- Developer(s): Stone House Productions
- Publisher(s): Simon & Schuster Interactive
- Platform(s): Microsoft Windows
- Release: WW: 1997;
- Genre(s): Point-and-click adventure game, edutainment
- Mode(s): Single-player, multiplayer

= Nile: An Ancient Egyptian Quest =

1997 video game

Nile: An Ancient Egyptian Quest is a 1997 educational point-and-click adventure game developed by American studio Stone House Productions and published by Simon & Schuster Interactive for Windows 95 (also works on 98). Players rescue three pharaohs – of the Old, Middle, and New Kingdoms – by immersing themselves into ancient Egyptian culture and life. In the UK, it was published by Zablac Entertainment. The game is no longer available.

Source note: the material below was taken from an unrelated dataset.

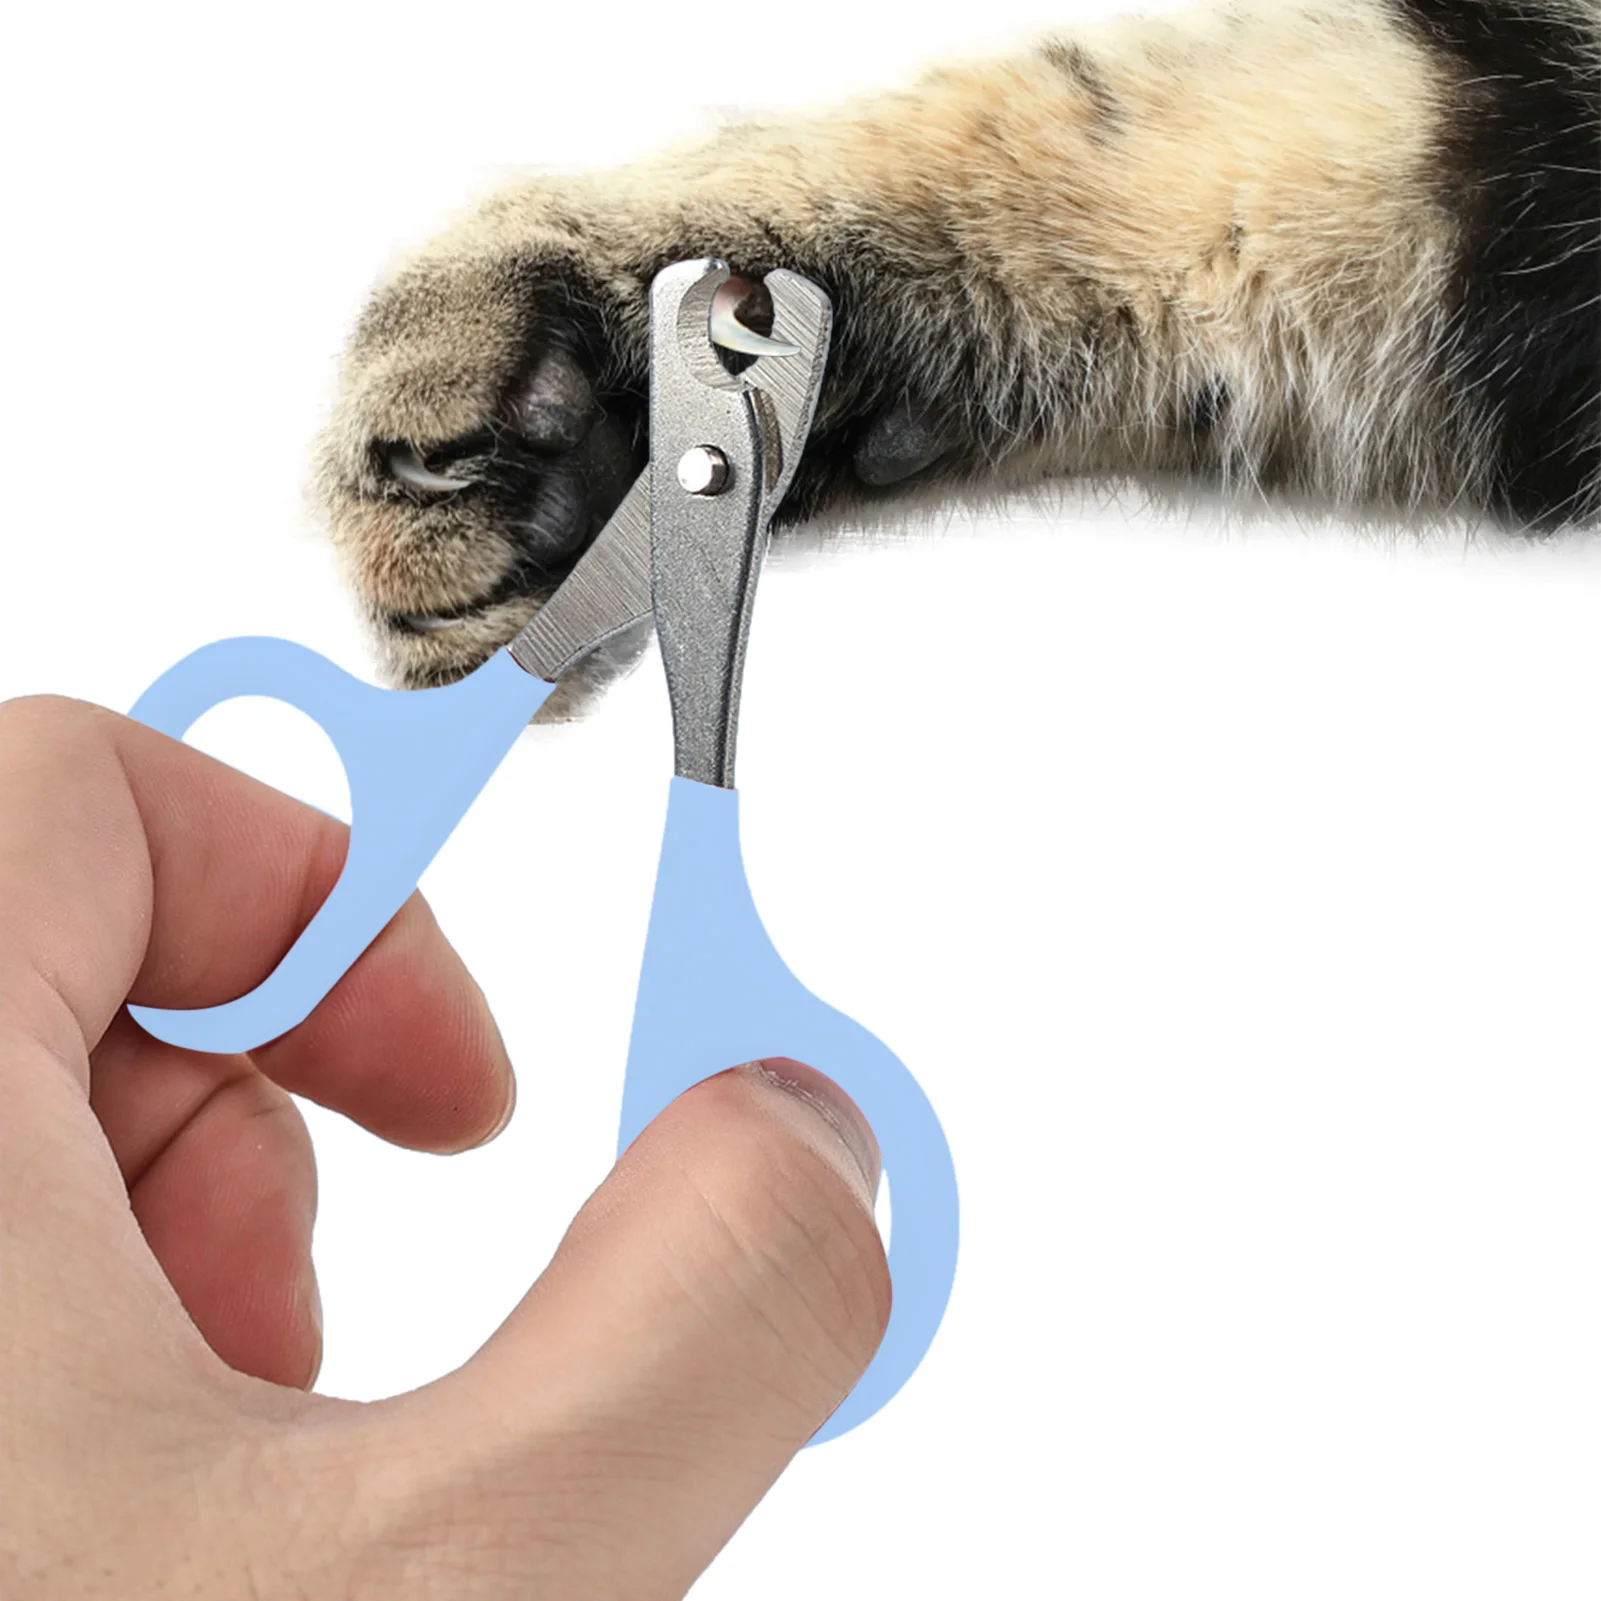 

Nail Clippers For Small Animals Stainless Steel Cat Claw Trimmer Grooming Kit Suits Most Small Animals Dogs Cats Puppies Kittens

The Metropolitan Museum of New York gave Simon & Schuster Interactive permission to include 17 objects from their Egyptian collection in the game; they received a fee plus percentage of sales.
For instance, the game includes a digital adaptation of the board game senet based on an artifact from the museum.

Throughout the exploration, the player is guided by jackal-formed Anubis (voiced by Connecticut-based community theatre actor Alexander Kulcsar). The player encounters scrolls containing video clips (narrated by actress Kelly McGillis) panning across and zooming on sketches, like simple motion comics. There are 15 clips, each about 3 minutes. They feature:
- pharaohs: Imhotep, Pepi II, Mentuhotep II, Hatshepsut, Amenhotep III (lake for his queen)
- roles of the scribe
- myths: the creation, Osiris, Horus, the wedjat eye
- Meketre's funerary figurines
- retellings of tales: the Shipwrecked Sailor, Sinuhe, Djadjaemankh the magician-scribe
- Thutmose IV's dream of the Sphinx (from the Dream Stele)

The background music is by English ambient musician Brian Eno, who included some tracks from his soundtrack of the TV series Neverwhere and his album Generative Music 1 (both were from 1996). The rest of the game's music is otherwise unreleased.